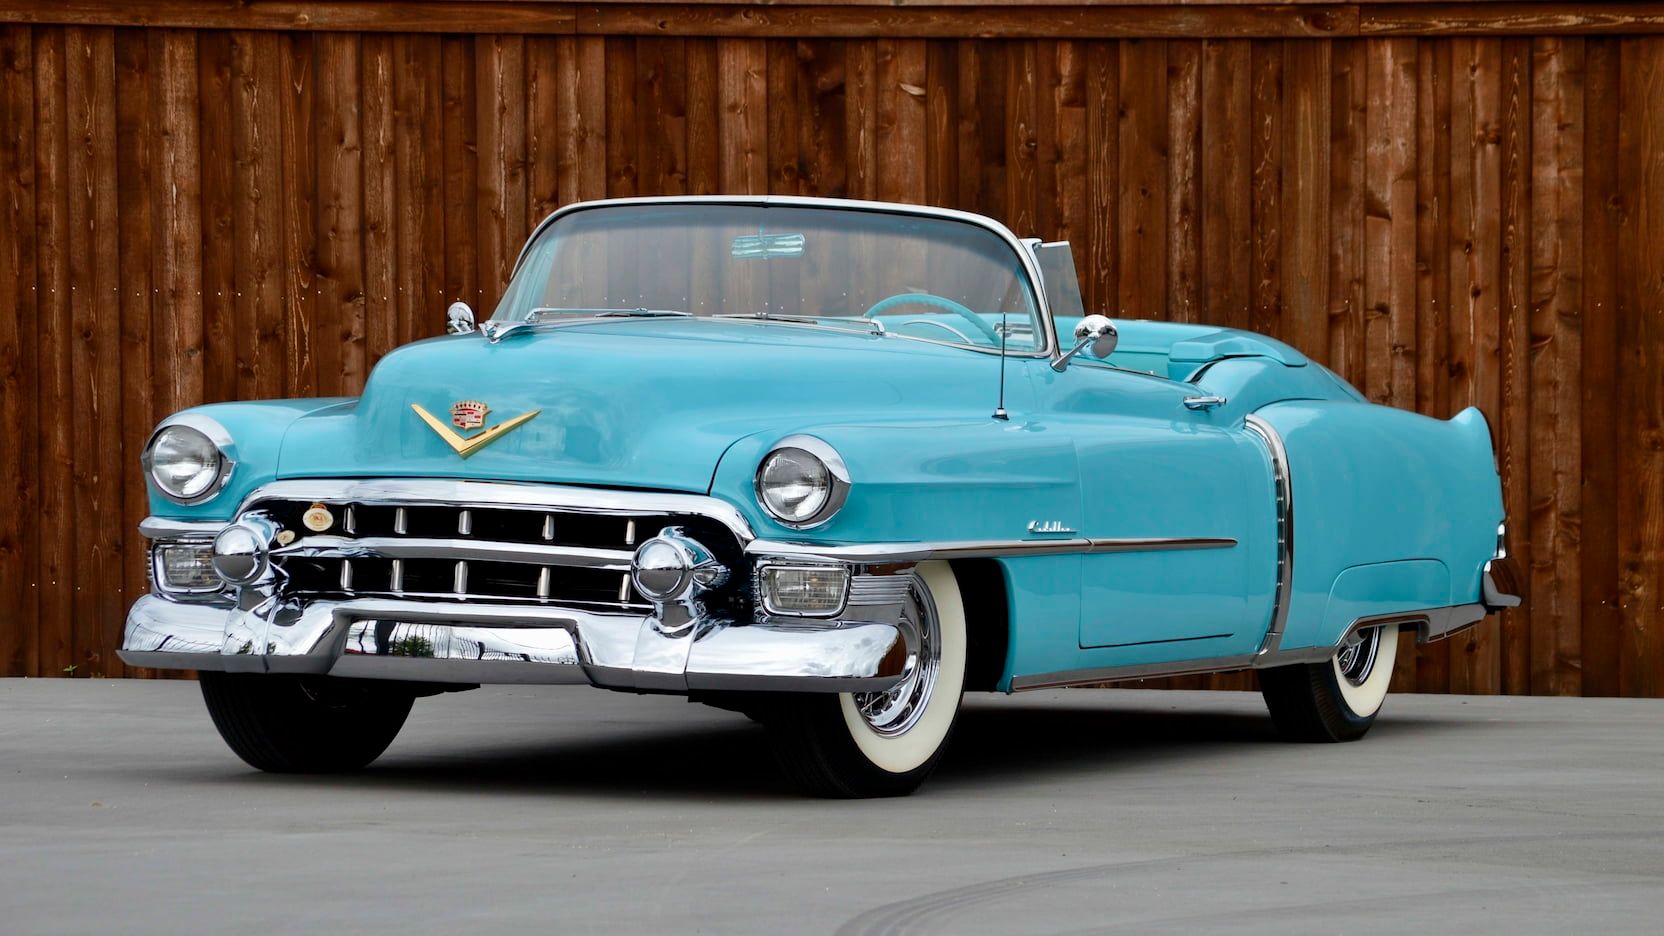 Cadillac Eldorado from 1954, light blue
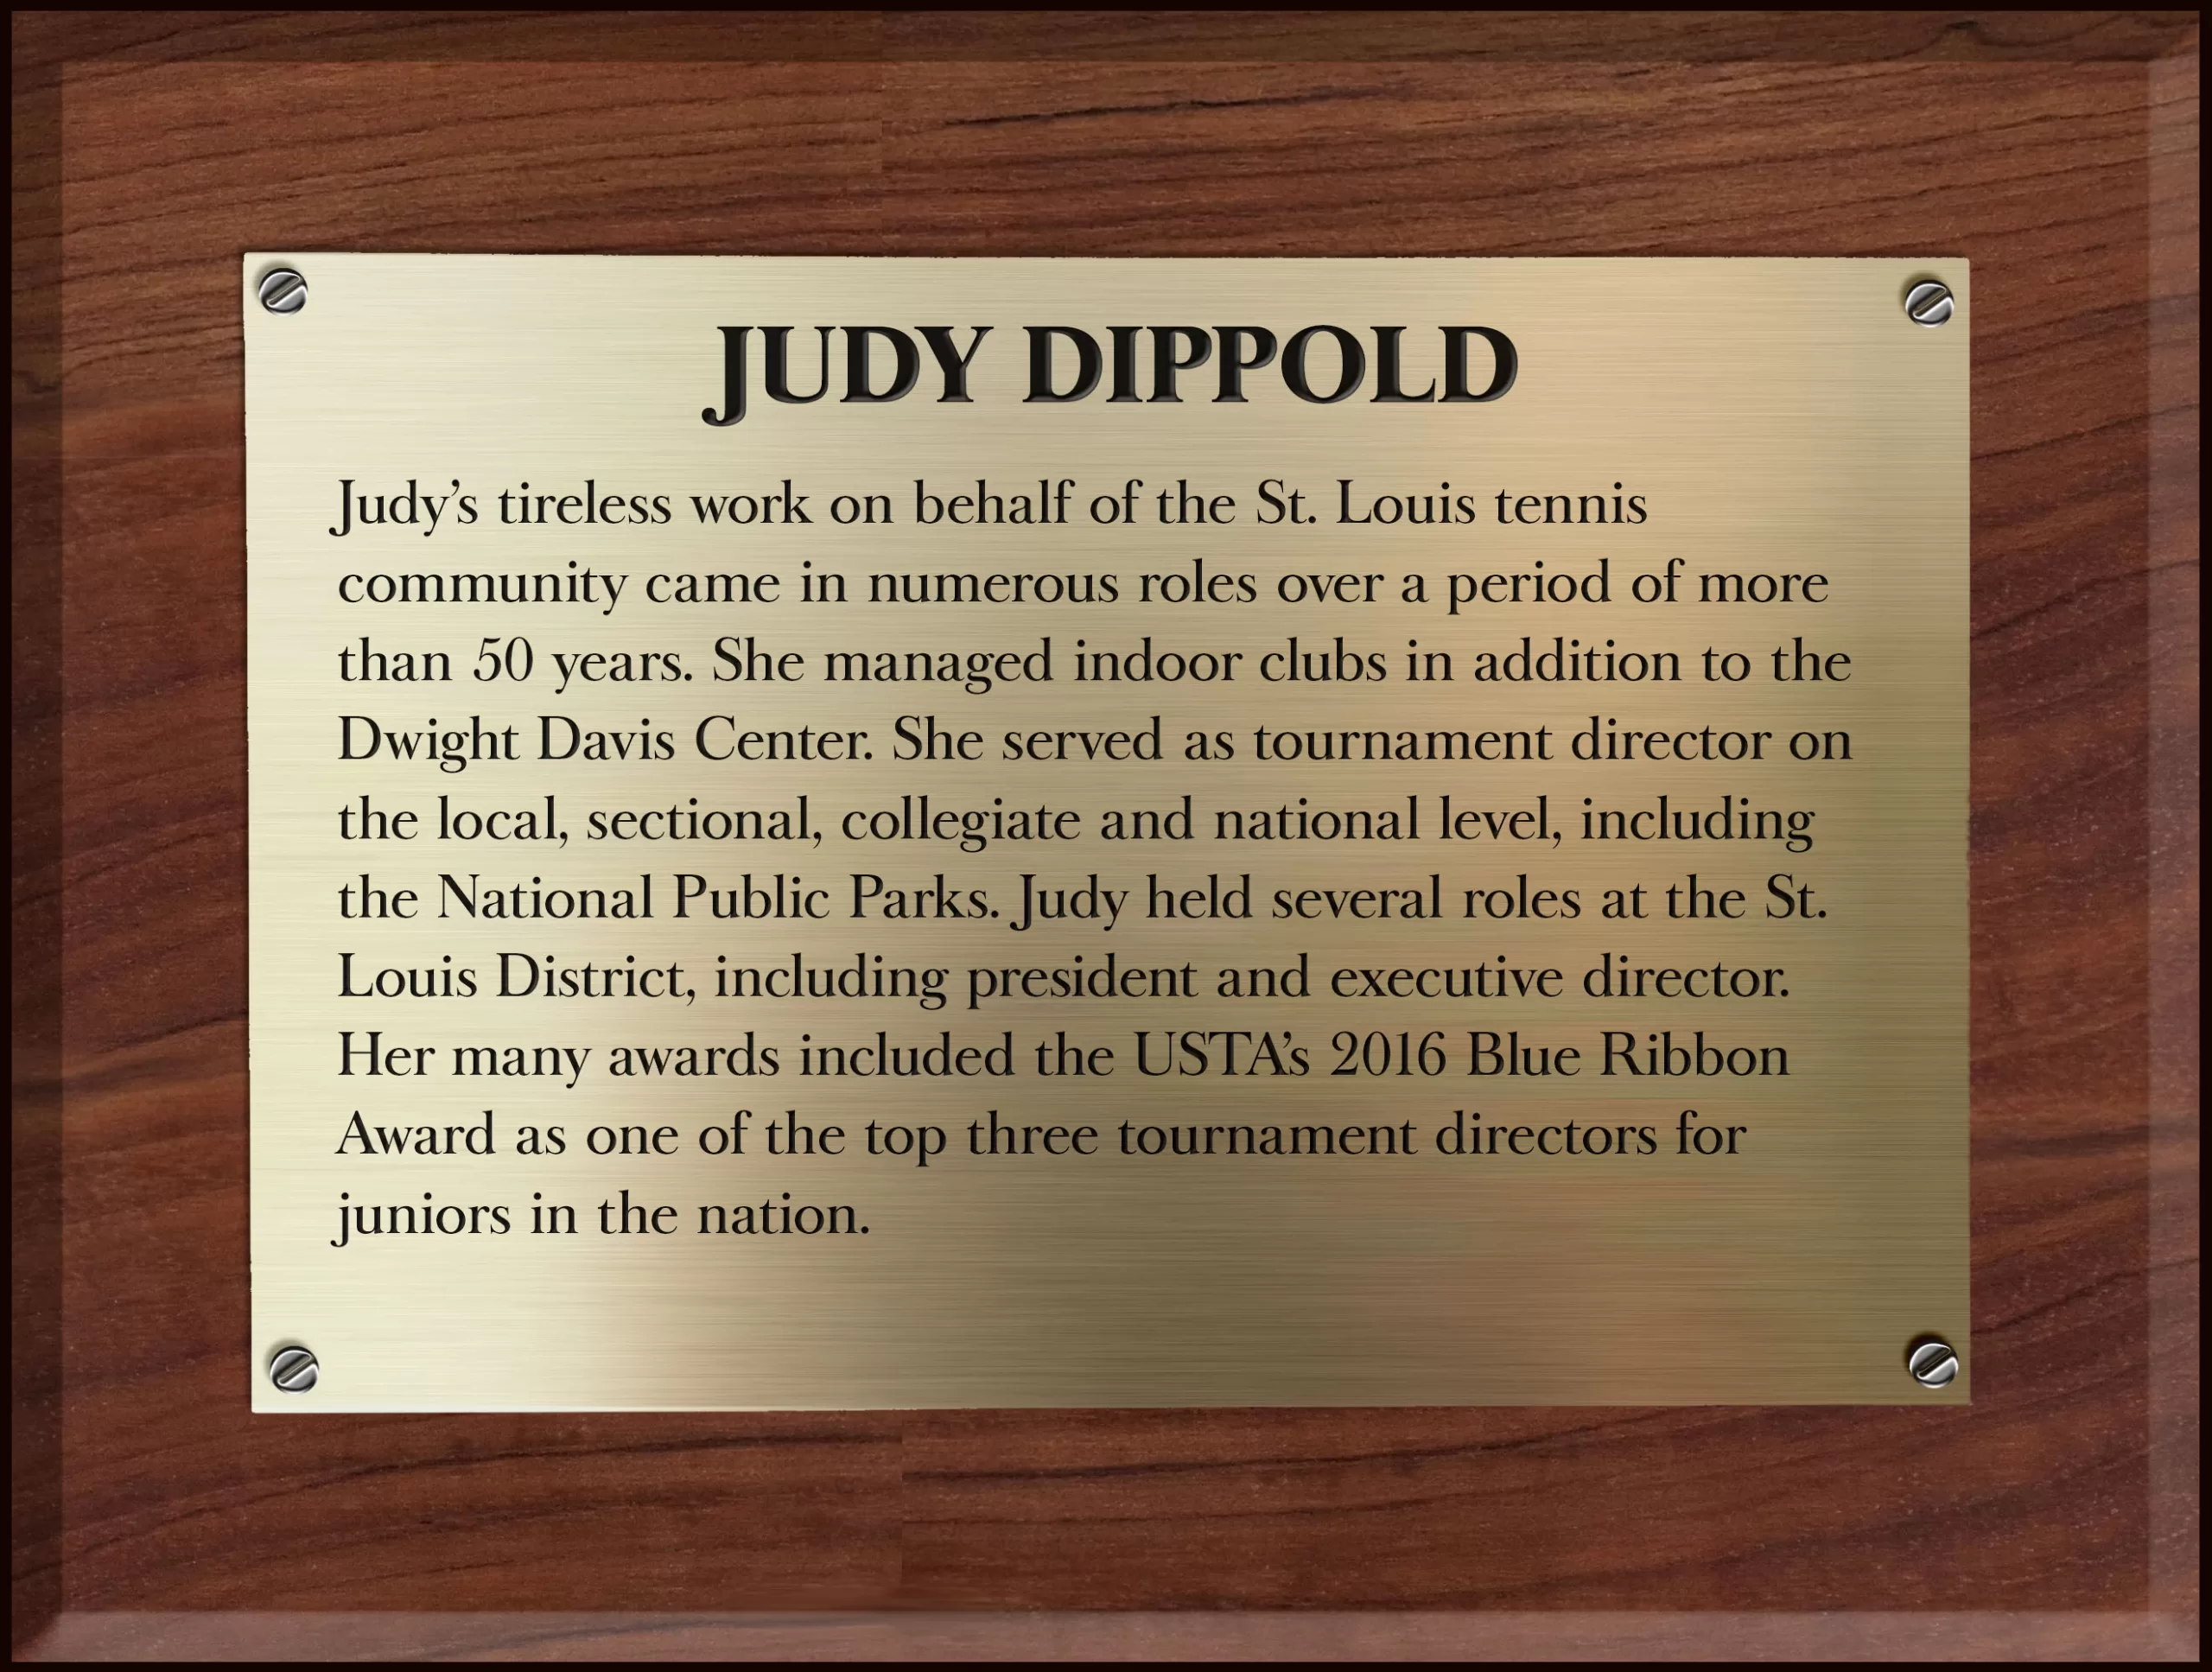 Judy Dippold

====

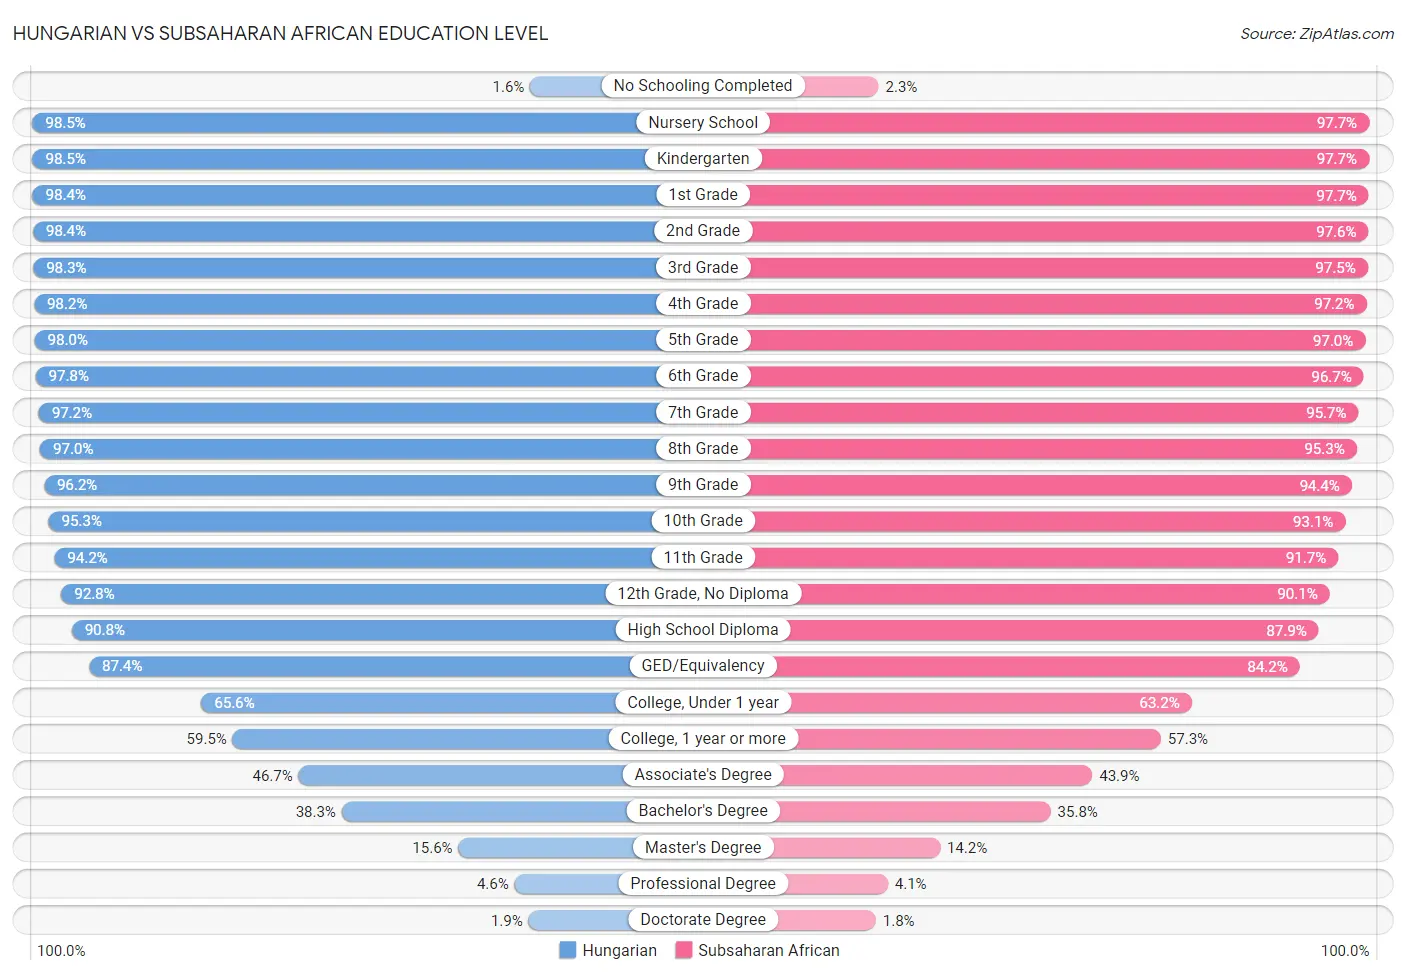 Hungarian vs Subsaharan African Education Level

====

Problem => For this exercise, reproduce exactly the lines of the records above from the one with "Cadillac Eldorado from 1954, light blue" up to and including the one with "Judy Dippold", without pictures.

Written solution =>
 Cadillac Eldorado from 1954, light blue
 Judy Dippold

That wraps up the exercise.